Spiral member 16 may be formed of aluminum, stainless steel, high density plastic, or other suitable material that will facilitate attachment, formation or mounting of spiral member 16 as aforesaid. The material used to form spiral member 16 should be such that spiral member 16 will not be significantly deformed during normal operation of the paintball marker.

In general, the length and width of spiral member 16 will depend on the length and width of power tube 10. For example, spiral member 16 may have to be lengthened and/or widened in cross-section to conform to the internal dimensions of a longer and/or wider power tube. Conversely, spiral member 16 may have to be shortened and/or narrowed in cross-section to conform to the internal dimensions of a shorter and/or narrower power tube.

It has been found sufficient for spiral member 16 to be formed such that it includes a single 360° spiral along its length, although other spiral formations are acceptable. For example, the number of whole or partial spirals along the length of spiral member 16 may vary depending on the length of power tube 10 and also depending on the length of barrel 26.

Some trial and error experimentation may be required in order to determine an appropriate length, width and/or spiral configuration for spiral member 16, in relation to a particular power tube, barrel and/or paintball marker. Such experimentation can be conducted by providing a plurality of different spiral members, each having different length, width and spiral configuration characteristics, and each being separately attachable or mountable within the particular power tube, etc. With each such spiral member attached or mounted within the power tube, a suitable number of paintballs are propelled through the paintball marker, and a record is made of the accuracy achieved by each such spiral member. Comparison of such records may reveal that one (or a relatively small number) of the plurality of different spiral members achieves the greatest accuracy improvement in relation to a particular power tube, barrel and/or paintball marker.

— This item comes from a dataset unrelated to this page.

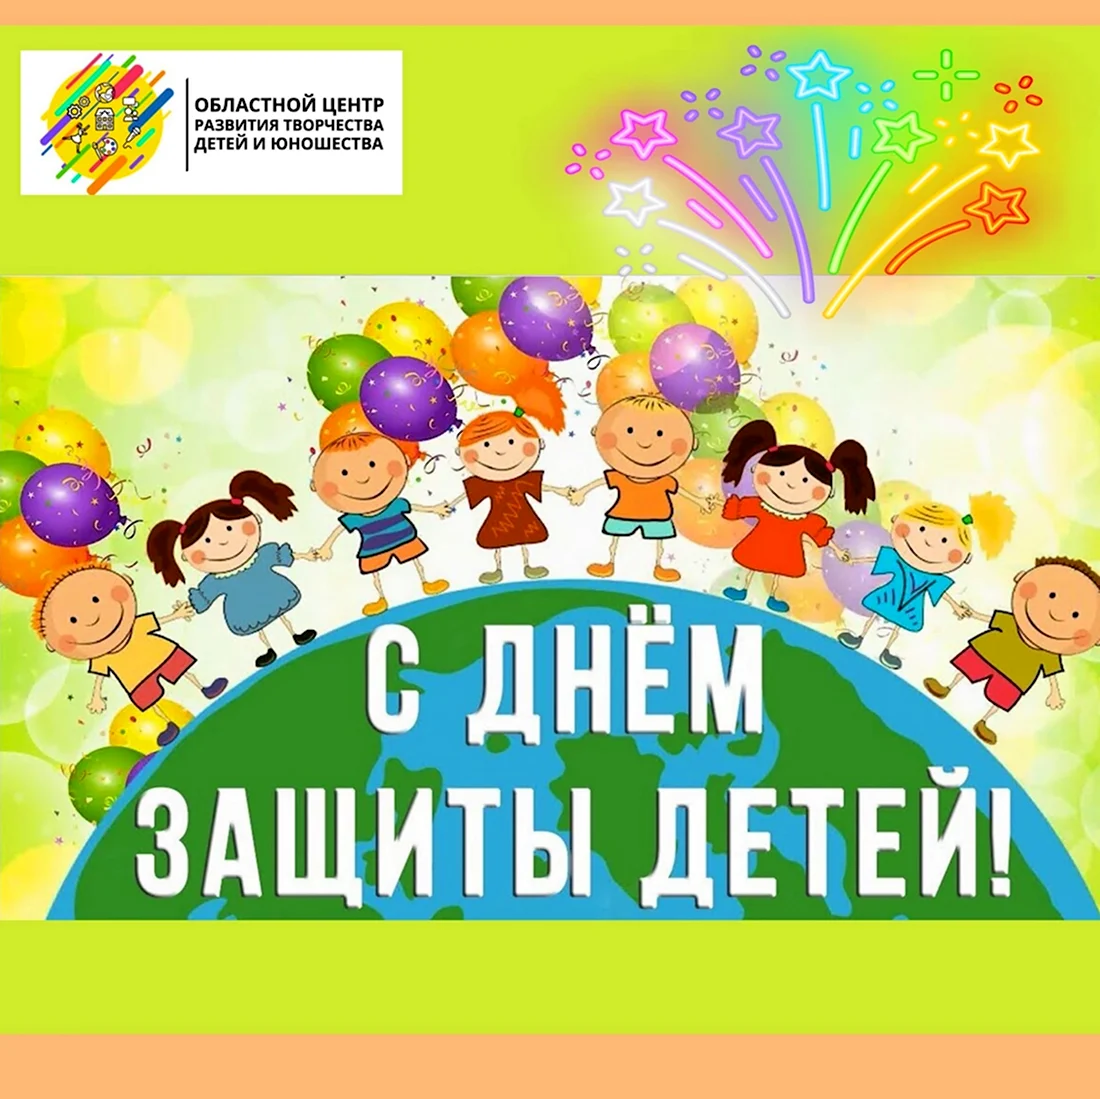 С праздником 1 июня день защиты детей. Открытка на праздник

While a number of exemplary aspects and embodiments have been discussed above, those of skill in the art will recognize certain modifications, permutations, additions and sub-combinations thereof. It is therefore intended that the following appended claims and claims hereafter introduced are interpreted to include all such modifications, permutations, additions and sub-combinations as are within their true spirit and scope.

Claims

1. A power tube for a paintball marker, the power tube comprising a spiral member mounted to extend and spiral longitudinally within a nozzle of the power tube.

2. A paintball marker having a power tube, the power tube comprising a spiral member mounted to extend and spiral longitudinally along a nozzle of the power tube.

3. A spiral member mountable within a paintball marker power tube, the spiral member sized and shaped to extend and spiral longitudinally along a nozzle of the power tube when the spiral member is mounted within the power tube.

4. A method of improving the accuracy of a paintball propelled through a paintball marker, the method comprising:

longitudinally injecting pressurized gas into a barrel of the paintball marker; and

forcing the gas to follow a spiral path as the gas is injected into the barrel of the paintball marker.